Lost in Lüneburg

Peter is a senior from Burbank, California, majoring in English and Journalism at the University of Iowa. He is spending his fall semester studying abroad on the USAC Lüneburg program in Lüneburg, Germany.

By Peter Frankman

I got lost yesterday.

It was the first day of class in a building I had never been to before, but was only 15 minutes or so from my apartment. After class, a girl I just met whose name I immediately forgot was walking with me. She expressed her admiration for Iowa writers and the state in general. We turned left, hoping for a shortcut, and when the road expanded and forked, she suggested we turn right and cross a bridge neither of us had seen before.

 Peter's new friend overlooks the gorgeous view from a bridge as they explore.

Though we conferred and confirmed that yes, we were lost, we decided not to turn back, ultimately ignoring the "Universtät" signs pointing behind us.

The bridge led us over an abandoned train covered in graffiti sitting in some forgotten rail yard.
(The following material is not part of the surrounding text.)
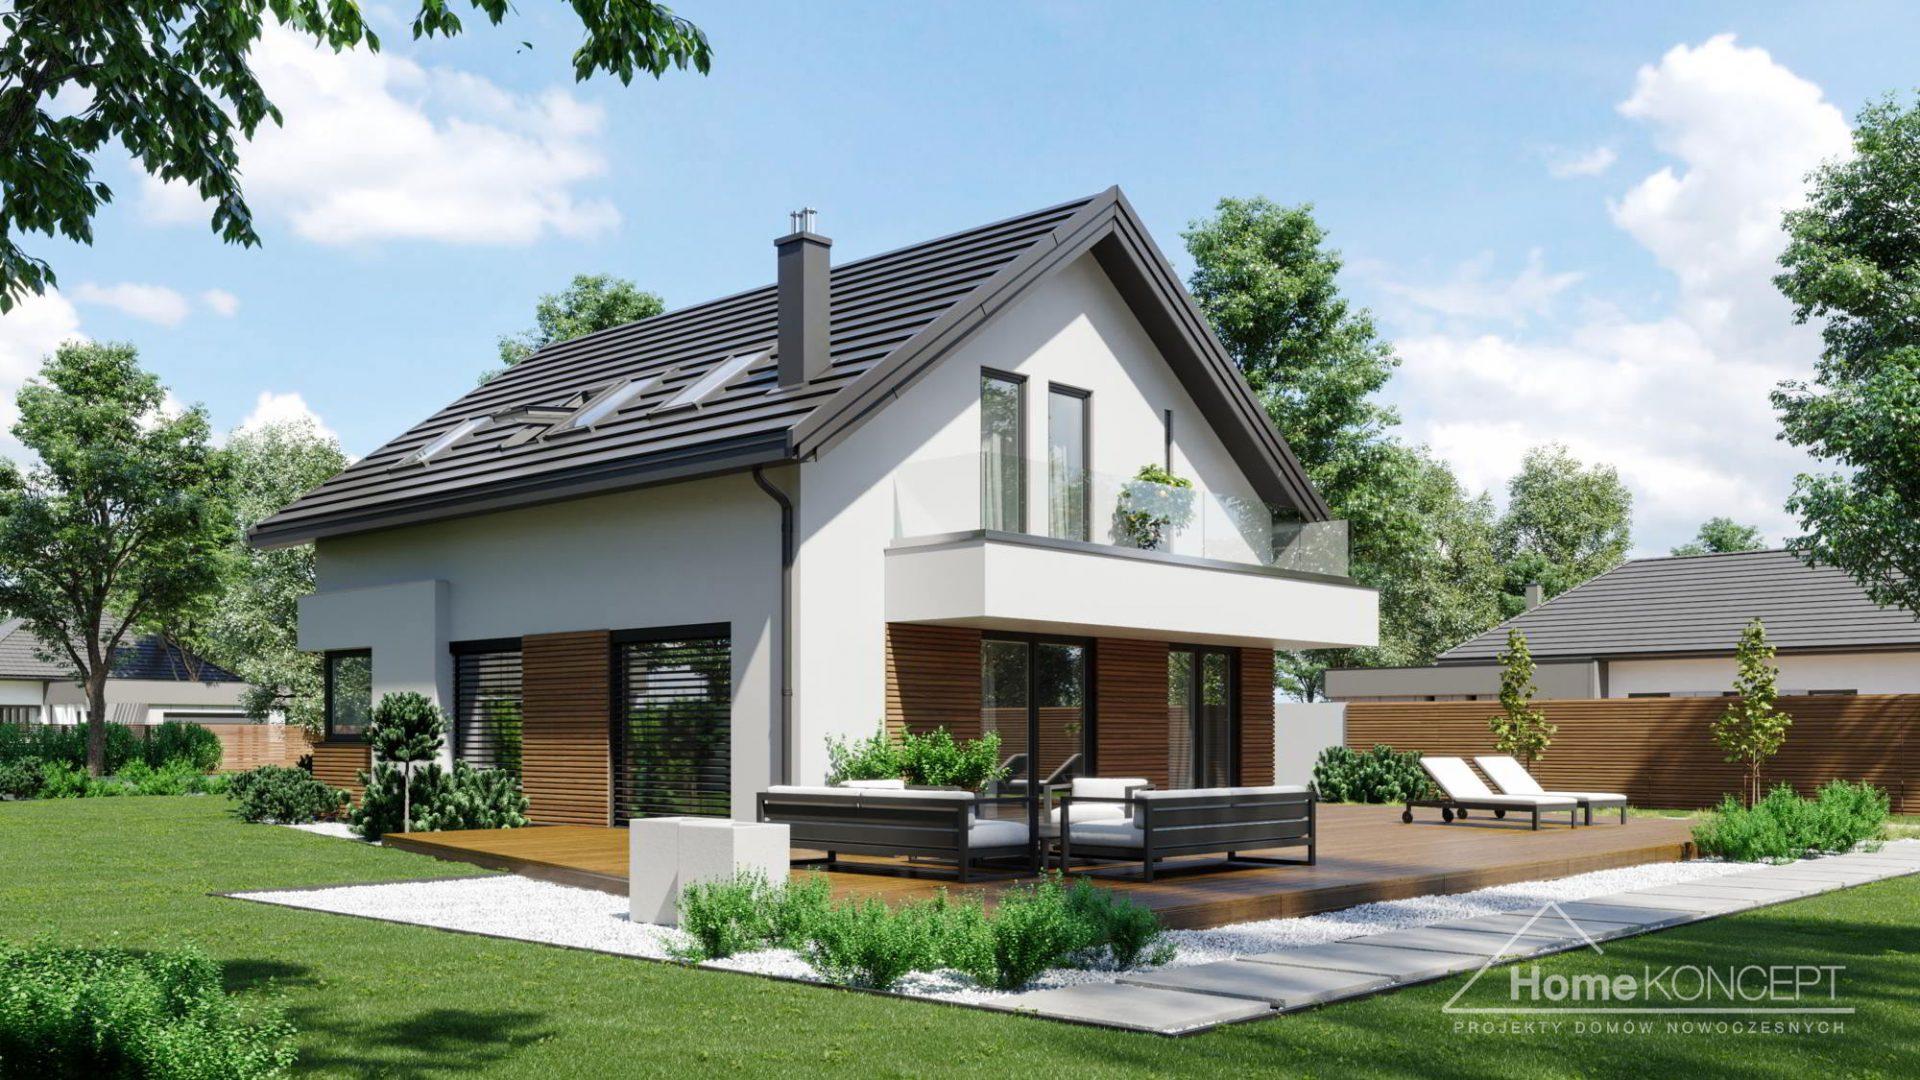 HomeKONCEPT 72 projekt domu energooszcczędnego
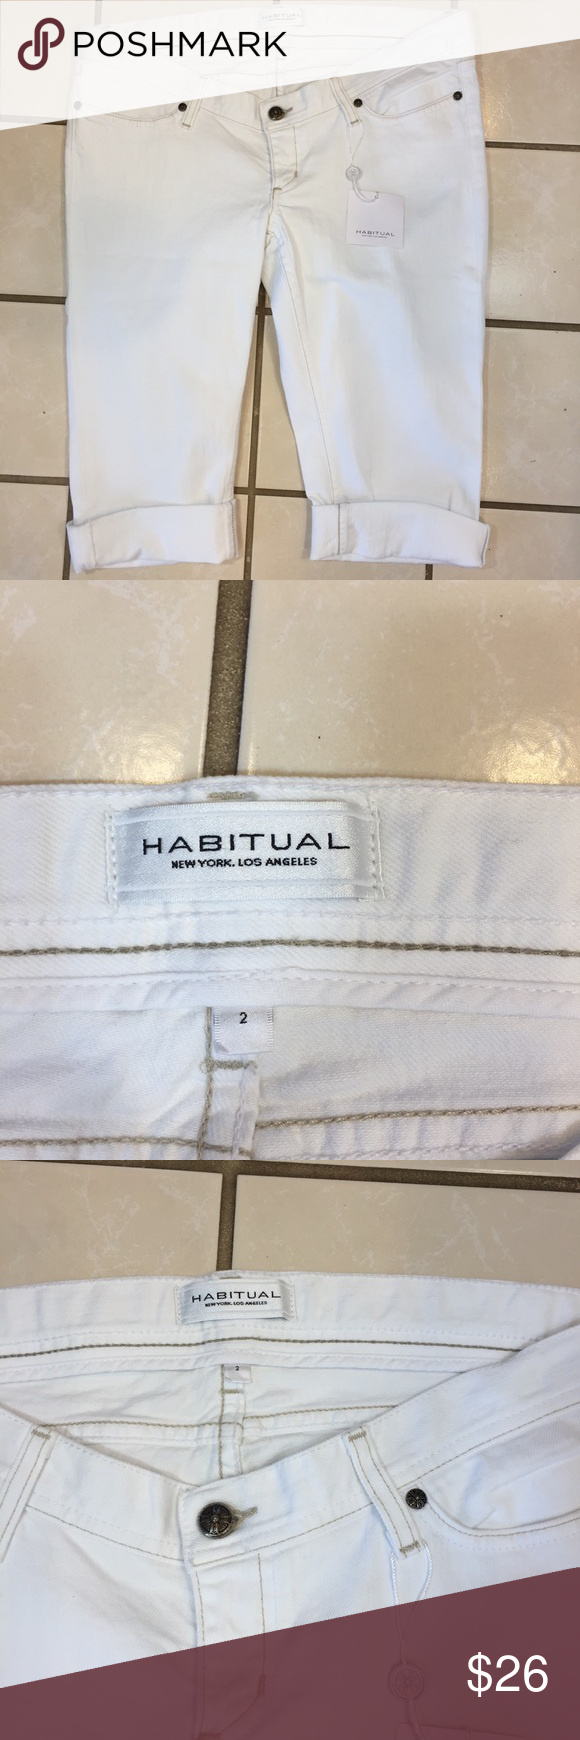 Capri Denim Jeans Habitual New Shorts Tags With Cuffed White 31 mNwOn80v

When the street became a highway, one side leading over the dirt foundation of a construction site, we took a small side street over the river which, at this narrow point, was hard to recognize as the one that split the city in half.

On either side of this little road were small offices which quickly turned to trees trapping us in their shade.

We kept right, figuring it was the best way to find where we were trying to go. That led us into a neighborhood on a street she recognized on her map. This was a neighborhood full of small houses. Each had a distinctly manicured lawn that led up to a different style of house. Some were modern: white and black with silver and aluminum piping, exposed bars, and windows the length of the house. Others were medieval: bright yellow paint on stone walls, with oaky brown trim that blended into the background.

Another small street appeared, cutting a line in an otherwise unbroken forest. This road was even smaller than the last two, leaving barely enough space for a Volkswagen Golf to whiz past us.

As it curved, it changed.

To the right sat a dark line of trees, hiding the neighborhood we walked through, but to the left was a green meadow. A pasture was also seen under the bright sun with another forest wrapped around the horizon.

Peter and the girl encountered an abandoned train covered in graffiti - just one of the many interesting findings during their adventure.

In class our professor told us about "spazieren gehen," which means to take a walk without a real destination. There's not an English phrase quite as concise with the same meaning, but it's somewhere around to stroll or to wander. She tells us this is a very German idea, but she is wrong.

Yes, it's a very German phrase, but it's a universal idea.At the end of this curve was a small tunnel with train tracks up above, marked as 3.2 meters high. Past the underpass was the zoom of buses and cars – the Main Street that would lead us back to university.

"Not all who wander are lost," is still as true as when Tolkien wrote it, but it's incomplete. It doesn't include the case of someone who is actually lost.

Not all who are lost should worry. Not all who are lost should turn back.